In reply to: Phoenix Kiula (#1)

Re: Some frustrations with admin tasks on PGSQL database

On Fri, Aug 17, 2007 at 07:49:08PM +0800, Phoenix Kiula wrote:

However, I am a little frustrated by the amount of time PGSQL takes to
complete tasks. Just to accommodate these tasks, my conf file has the
following:

autovacuum = off
wal_buffers=64
checkpoint_segments=1000
checkpoint_timeout=900
fsync = off
maintenance_work_mem = 128MB

I note you did not give either the shared_buffers setting or the
work_mem setting, both of which would have a major impact on your
problem.

I have dropped all indexes/indicises on my table, except for the
primary key. Still, when I run the query:

UPDATE mytable SET mycolumn = lower(mycolumn);

This is, at the time of this writing, has taken well over 35 minutes!
On a table of a "mere" 6 million rows (quoted from one discussion on
this mailing list).

How big is the actual table itself (in bytes).

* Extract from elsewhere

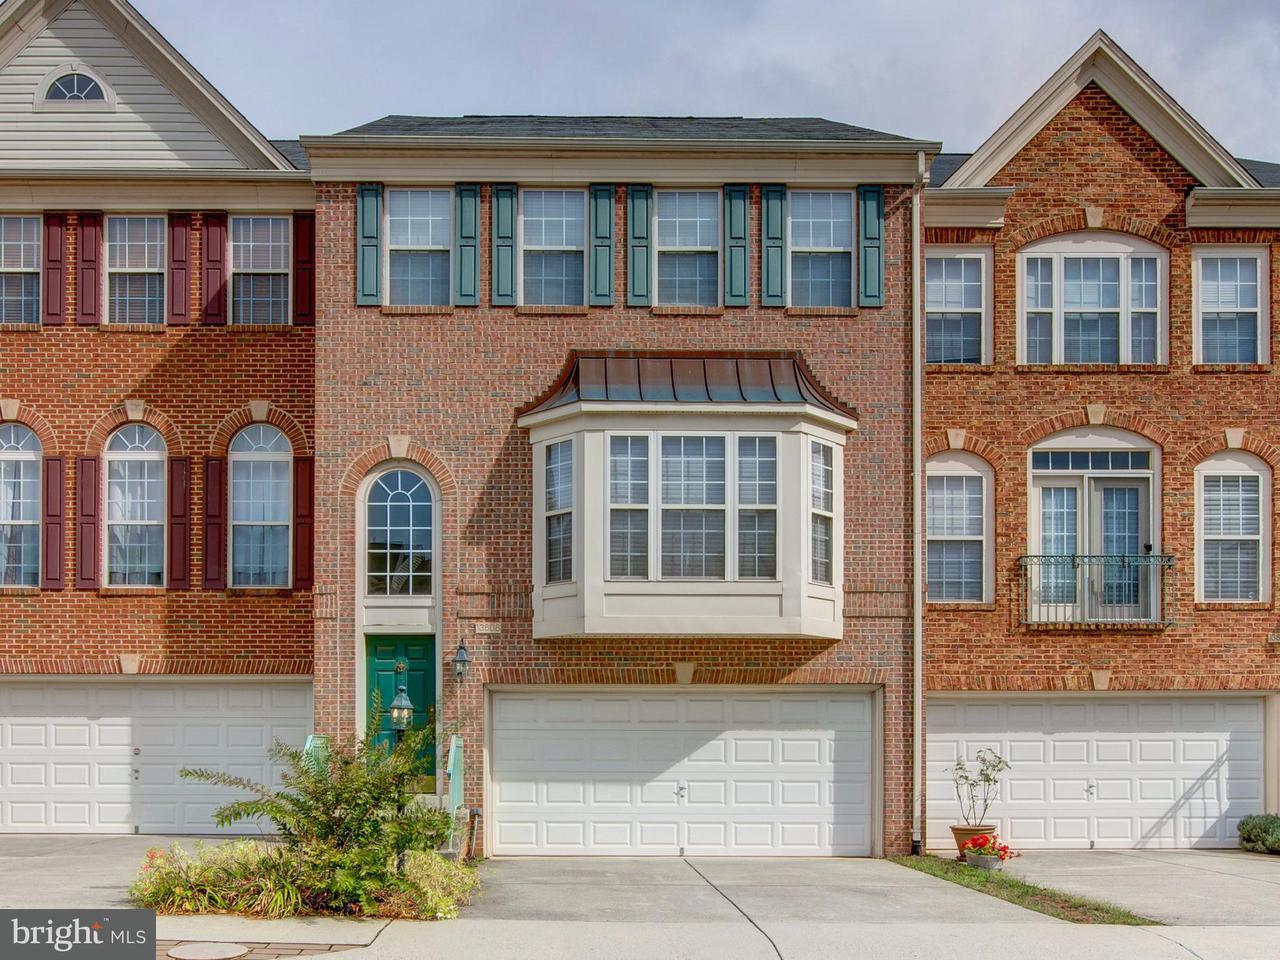 Townhouse for Sale at 13608 CEDAR RUN Lane 13608 CEDAR RUN Lane Herndon, Virginia 20171 United States
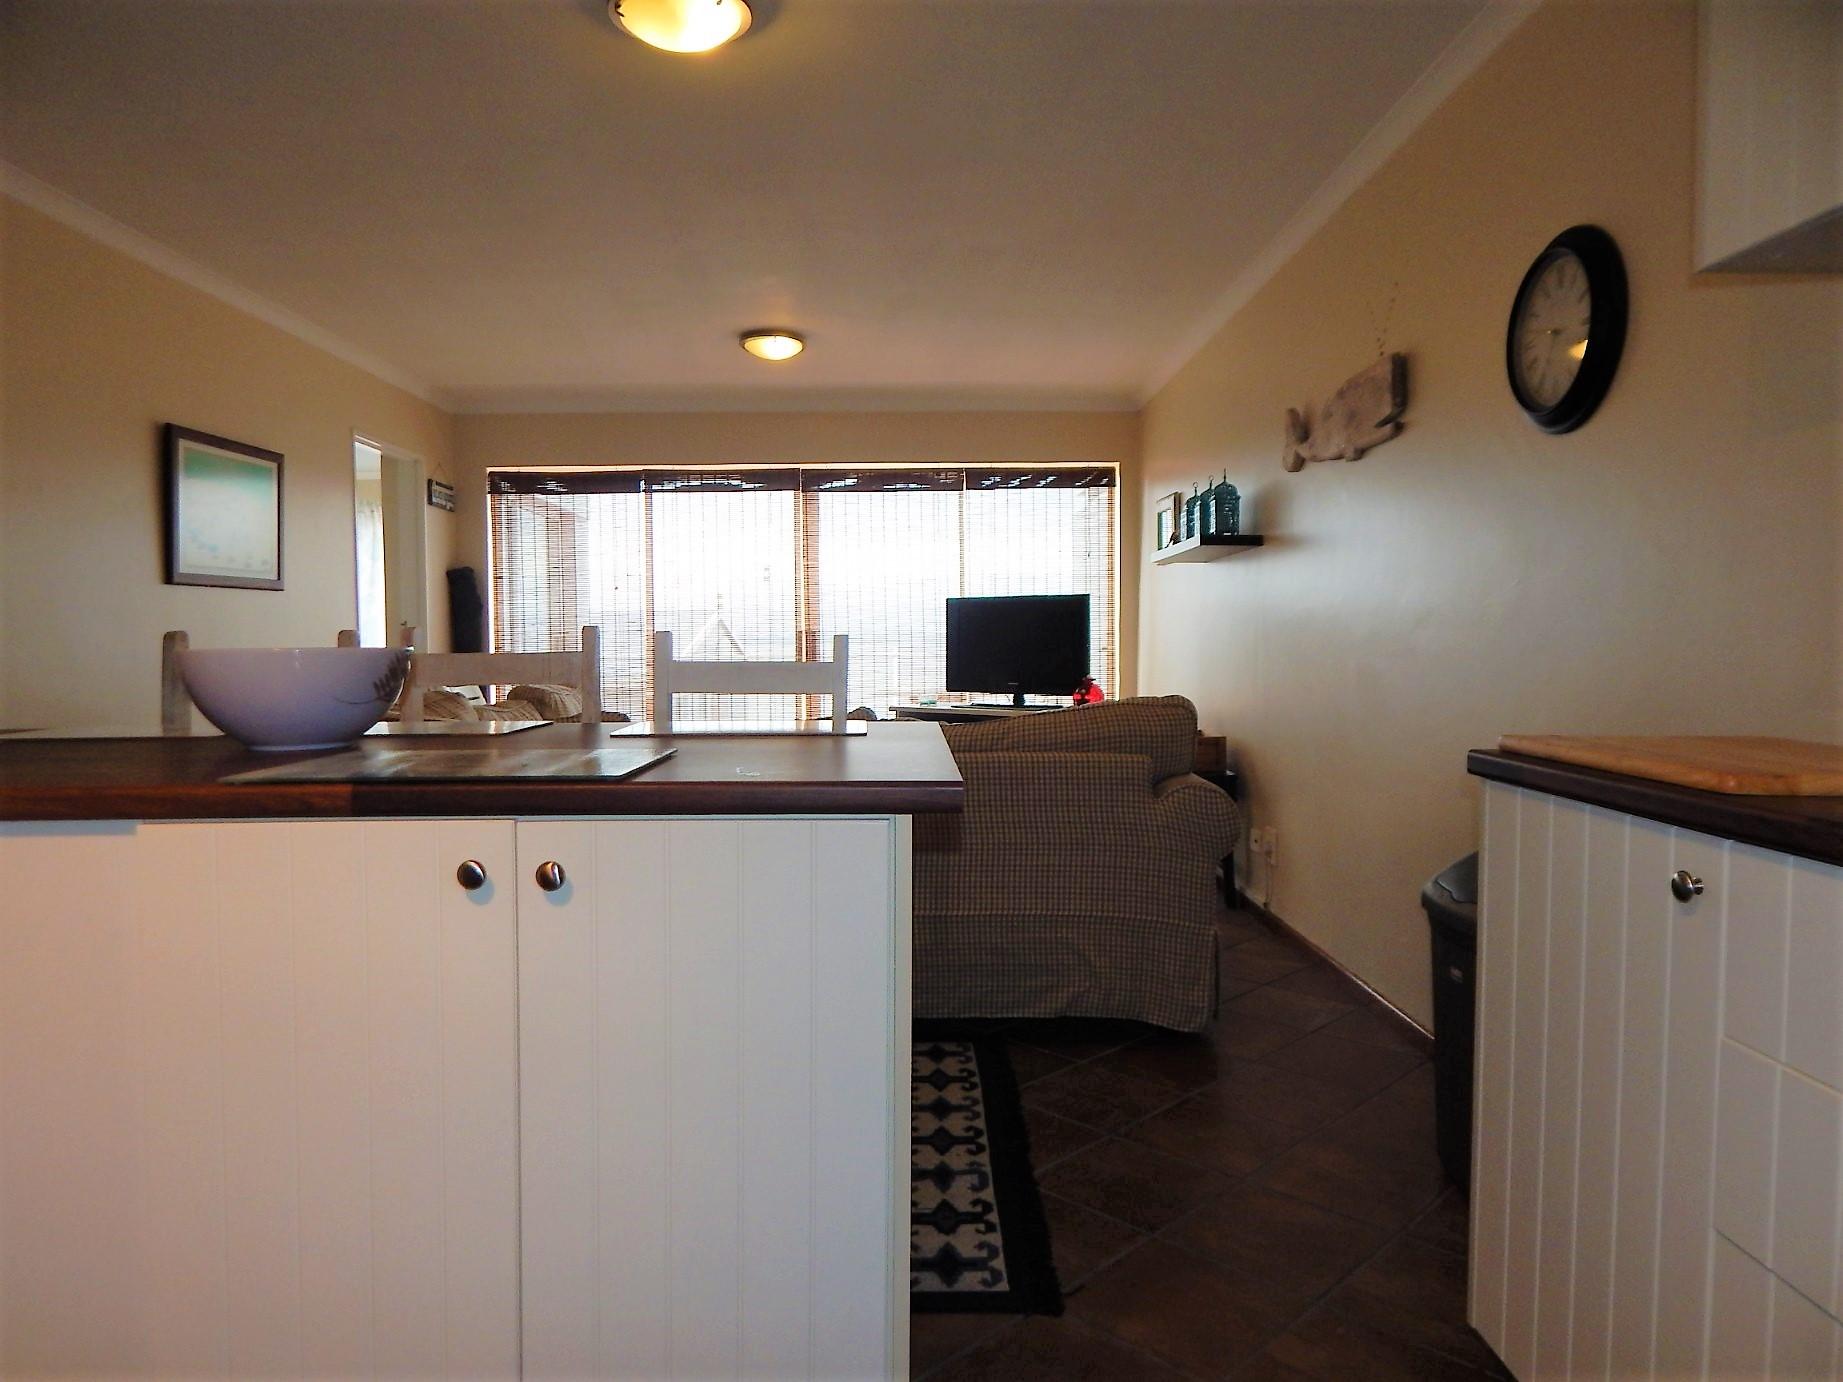 3 Bedroom Apartment for sale in De Bakke ENT0066483 : photo#8

Suspecting that locking may be the cause of this, I read up on
http://www.postgresql.org/docs/8.2/static/explicit-locking.html and
found nothing specific that would help a person starting out on the DB
to actually do meaningful explicit locking that the UPDATE command
does not already do.

I doubt it's locking.

What else can I do to make this go fast enough to be normal!? Penny
for any thoughts and tips.

Check your I/O throughput. You should be maxing out your disk...
Although, with 6million rows, it might even fit in memory. Can you see
(in ps) what it's actually doing?

Have a nice day,
--
Martijn van Oosterhout <kleptog@svana.org> http://svana.org/kleptog/

Show quoted text

From each according to his ability. To each according to his ability to litigate.

Phoenix Kiula

phoenix.kiula@gmail.com

over 18 years ago

In reply to: Martijn van Oosterhout (#2)

Re: Some frustrations with admin tasks on PGSQL database

On 17/08/07, Martijn van Oosterhout <kleptog@svana.org> wrote:

On Fri, Aug 17, 2007 at 07:49:08PM +0800, Phoenix Kiula wrote:

However, I am a little frustrated by the amount of time PGSQL takes to
complete tasks. Just to accommodate these tasks, my conf file has the
following:

autovacuum = off
wal_buffers=64
checkpoint_segments=1000
checkpoint_timeout=900
fsync = off
maintenance_work_mem = 128MB

I note you did not give either the shared_buffers setting or the
work_mem setting, both of which would have a major impact on your
problem.

Oh, sorry, here are the rest of them:

max_connections = 250
shared_buffers = 60000
effective_cache_size = 60000
work_mem = 60000
max_fsm_relations = 1500
max_fsm_pages = 80000
sort_mem = 16348
temp_buffers = 4096
authentication_timeout = 10s
ssl = off

Are these too low?

How big is the actual table itself (in bytes).

Where should I find this?

I tried "/usr/lib/pgsql/data" and "/var/lib/pgsql/data" but there is
no folder that seems to show the data files.

TIA!

hubert depesz lubaczewski

depesz@depesz.com

over 18 years ago

In reply to: Phoenix Kiula (#1)

Re: Some frustrations with admin tasks on PGSQL database

On Fri, Aug 17, 2007 at 07:49:08PM +0800, Phoenix Kiula wrote:

I have dropped all indexes/indicises on my table, except for the
primary key. Still, when I run the query:
UPDATE mytable SET mycolumn = lower(mycolumn);

can you please check this:

select count(*) from mytable;
select count(*) from mytable where mycolumn ~ '[A-Z]';

and if the second is lower than first make the update:
update mytable set mycolumn = lower(mycolumn) where mycolumn ~ '[A-Z]';

of course if your data contain national characters you have to include
them (upper case only) in this regexp.

depesz

--
quicksil1er: "postgres is excellent, but like any DB it requires a
highly paid DBA. here's my CV!" :)
http://www.depesz.com/ - blog dla ciebie (i moje CV)

hubert depesz lubaczewski

depesz@depesz.com

over 18 years ago

In reply to: Phoenix Kiula (#3)

Re: Some frustrations with admin tasks on PGSQL database

On Fri, Aug 17, 2007 at 09:50:42PM +0800, Phoenix Kiula wrote:

How big is the actual table itself (in bytes).

Where should I find this?

select pg_relation_size('mytable');

depesz

--
quicksil1er: "postgres is excellent, but like any DB it requires a
highly paid DBA. here's my CV!" :)
http://www.depesz.com/ - blog dla ciebie (i moje CV)

Phoenix Kiula

phoenix.kiula@gmail.com

over 18 years ago

In reply to: hubert depesz lubaczewski (#4)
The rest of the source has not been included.